BookmarkSubscribeRSS Feed
☑ This topic is solved. Need further help from the community? Please sign in and ask a new question.
kinder_skipper
Fluorite | Level 6

I have three tables which I want to join: 

tab1 - about 55 millions rows (size 25 GB)

tab2 - 2,5 millions rows 

tab3 - 1,5 millions rows

 

proc sql looks like:

proc sql;
create table tab4 as
	select
		t1.*
		,t2.col_2
		,coalesce(t1.col_3, t3.col_3) as col_3_new
		,coalesce(t1.col_4, t3.col_4) as col_4_new
	from tab1 t1
		left join tab2 t2 on t1.id = t2.id
		left join tab3 t3
					on t1.id = t3.id
					and t1.id_1 = t3.id_1
					and t1.id_2 = t3.id_2
;
quit;

data tab4;
set tab4;
drop col_3 col_4;
rename col_3_new = col_3 col_4_new = col_4;
run;

I tried to use hash tables instead of proc sql, but I don't know if I do right and how to include coalesce():

data tab4;
  if _n_=1 then
    do;
      /* map tables */
      if 0 then set tab1 tab2 tab3;
      /* define and load hashes */
      dcl hash h_b(dataset:'tab2');
      h_b.defineKey('id');
      h_b.defineData('col_2');
      h_b.defineDone();
      dcl hash h_c(dataset:'tab3');
      h_c.defineKey('id', 'id_1', 'id_2');
      h_c.defineData('col_3', 'col_4');
      h_c.defineDone();
    end;
  call missing(of _all_);
  set tab1;
  _rc=h_b.find(key: id);
  _rc=h_c.find(key: id, key:id_1, key:id_2);
run;

Maybe is it better method to join these tables?

1 ACCEPTED SOLUTION

Accepted Solutions
FreelanceReinh
Jade | Level 19

Hello @kinder_skipper and welcome to the SAS Support Communities!

 

Basically, your code looks good, provided that ID is a unique key in TAB2 and that the combination of ID, ID_1 and ID_2 is unique in TAB3. The DATA step using the hash objects has the advantage of preserving the order of observations from TAB1. This is not guaranteed by PROC SQL (in the absence of an ORDER BY clause), in particular if ID were not unique in TAB1.

 

The COALESCE part can be added as shown in the highlighted changes below:

data tab4(drop=_:);
  if _n_=1 then
    do;
      /* map tables */
      if 0 then set tab1 tab2 tab3(rename=(col_3=_col_3 col_4=_col_4));
      /* define and load hashes */
      dcl hash h_b(dataset:'tab2');
      h_b.defineKey('id');
      h_b.defineData('col_2');
      h_b.defineDone();
      dcl hash h_c(dataset:'tab3(rename=(col_3=_col_3 col_4=_col_4))');
      h_c.defineKey('id', 'id_1', 'id_2');
      h_c.defineData('_col_3', '_col_4');
      h_c.defineDone();
    end;
  call missing(of _all_);
  set tab1;
  _rc=h_b.find(key: id);
  _rc=h_c.find(key: id, key:id_1, key:id_2);
  col_3=coalesce(col_3,_col_3); /* or coalesceC in case   */
  col_4=coalesce(col_4,_col_4); /* of character variables */
run;

 

The "key:" argument tags are redundant:

  _rc=h_b.find();
  _rc=h_c.find();

 

Also note that you could omit the entire DATA step following the PROC SQL step by using dataset options as follows:

create table tab4(drop=col_3 col_4 rename=(col_3_new = col_3 col_4_new = col_4))

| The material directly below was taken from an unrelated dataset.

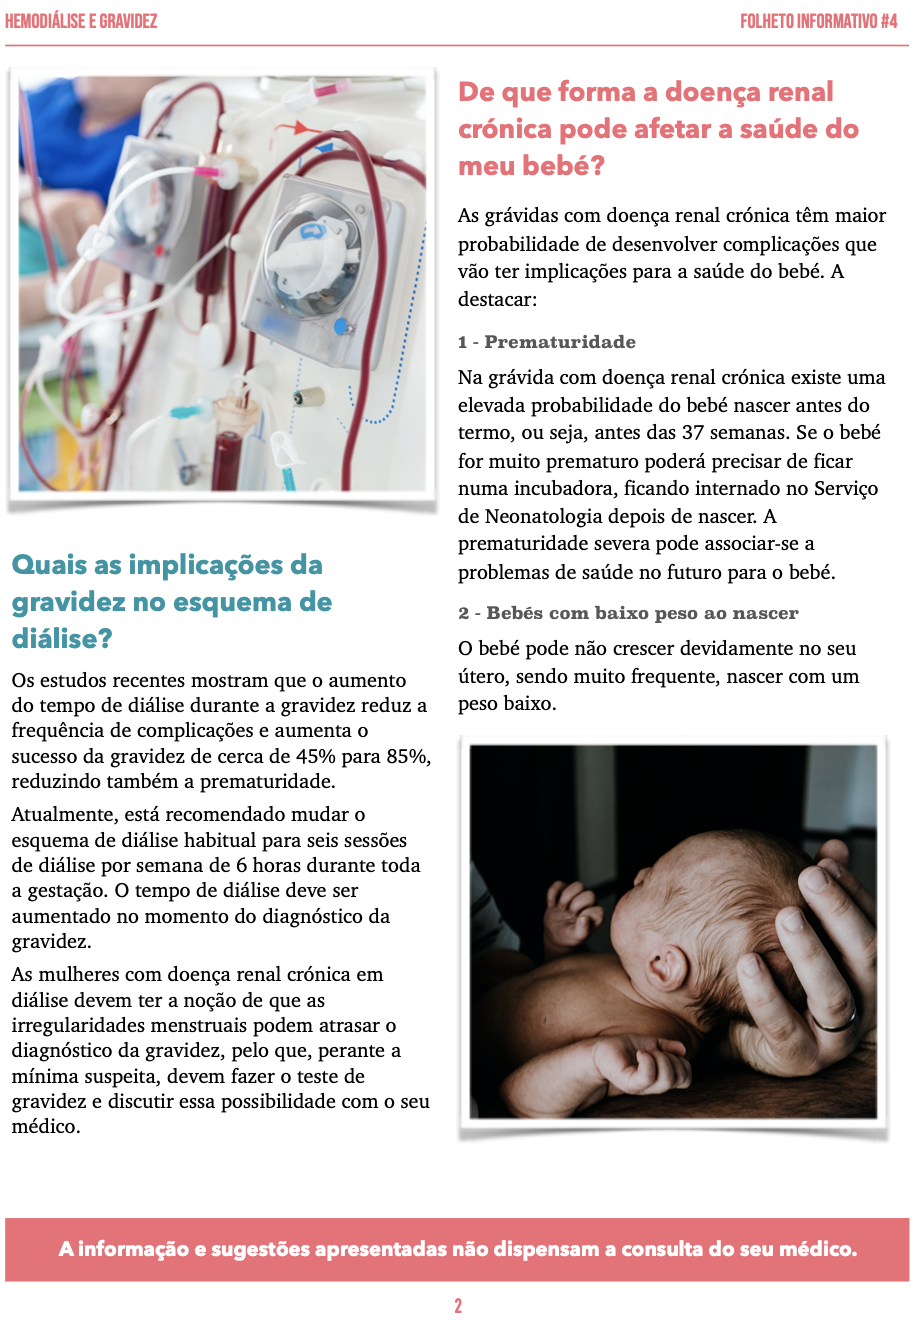 Folheto Informativo 4 - Hemodialise e gravidez_p2.png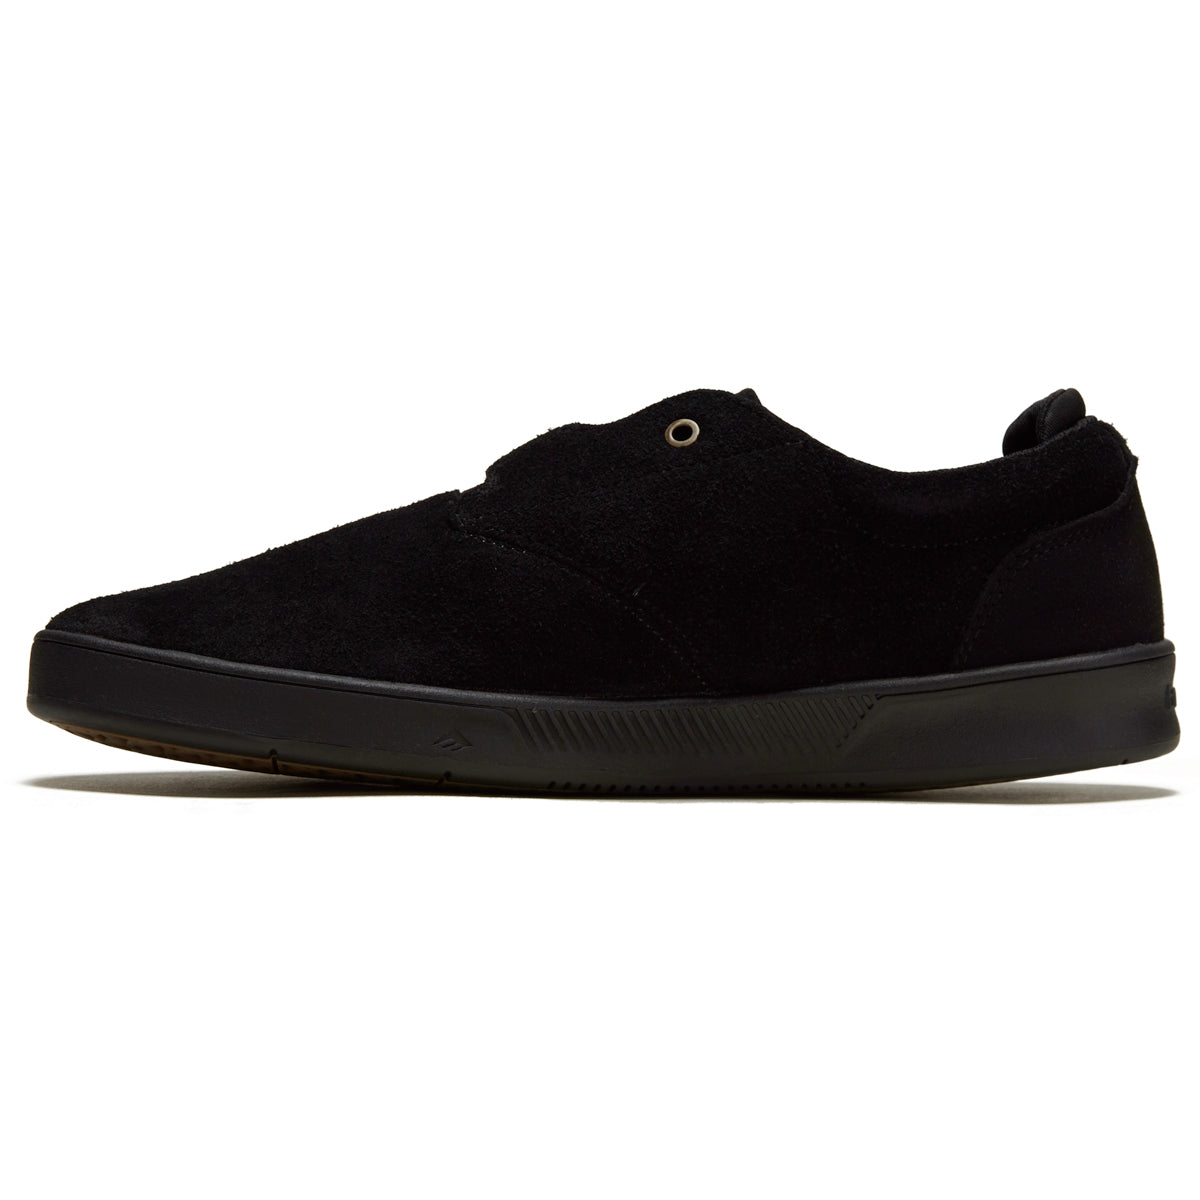 Emerica Romero Skater Shoes - Black image 2

View solution in original post

4 REPLIES 4
FreelanceReinh
Jade | Level 19

Hello @kinder_skipper and welcome to the SAS Support Communities!

 

Basically, your code looks good, provided that ID is a unique key in TAB2 and that the combination of ID, ID_1 and ID_2 is unique in TAB3. The DATA step using the hash objects has the advantage of preserving the order of observations from TAB1. This is not guaranteed by PROC SQL (in the absence of an ORDER BY clause), in particular if ID were not unique in TAB1.

 

The COALESCE part can be added as shown in the highlighted changes below:

data tab4(drop=_:);
  if _n_=1 then
    do;
      /* map tables */
      if 0 then set tab1 tab2 tab3(rename=(col_3=_col_3 col_4=_col_4));
      /* define and load hashes */
      dcl hash h_b(dataset:'tab2');
      h_b.defineKey('id');
      h_b.defineData('col_2');
      h_b.defineDone();
      dcl hash h_c(dataset:'tab3(rename=(col_3=_col_3 col_4=_col_4))');
      h_c.defineKey('id', 'id_1', 'id_2');
      h_c.defineData('_col_3', '_col_4');
      h_c.defineDone();
    end;
  call missing(of _all_);
  set tab1;
  _rc=h_b.find(key: id);
  _rc=h_c.find(key: id, key:id_1, key:id_2);
  col_3=coalesce(col_3,_col_3); /* or coalesceC in case   */
  col_4=coalesce(col_4,_col_4); /* of character variables */
run;

 

The "key:" argument tags are redundant:

  _rc=h_b.find();
  _rc=h_c.find();

 

Also note that you could omit the entire DATA step following the PROC SQL step by using dataset options as follows:

create table tab4(drop=col_3 col_4 rename=(col_3_new = col_3 col_4_new = col_4))
kinder_skipper
Fluorite | Level 6

It works. Thanku you very much!

Tom
Super User Tom
Super User

Since you have to copy the entire LARGE dataset anyway then I suspect the SQL is going to be just as efficient (if not more) than anything you write.  Especially if the dataset are sorted (or indexed).

 

If the datasets are sorted you just use normal SAS data step(s) to merge them. (unless the goal is to blow-up the large dataset into something even larger).

data step1 / view=step1;
   merge t1(in=in1) t2(keep=id col2);
   by id1;
   if in1;
run;

data want;
   merge step1(in=in1) t3(keep=id1 id2 id3 col_3 col_4) ;
   by id1 id2 id3 ;
   if in1;
run;

Which will use the values of COL_3 and COL_4 from T3 when there is a match.

 

Or perhaps the coalesce() function was intended to modify the value of COL_3 and COL_4 from T1 only when the value in T3 was non-missing? (That is not replace an existing value with a missing value.)  In which case you should probably use an UPDATE instead of MERGE in the last step.

data want;
   update step1(in=in1) t3(keep=id1 id2 id3 col_3 col_4);
   by id1 id2 id3 ;
   if in1;
run;

 

kinder_skipper
Fluorite | Level 6
Thank you for your reply. These tables aren't sorted and indexed. Proc sql lasts three times longer than hash tables.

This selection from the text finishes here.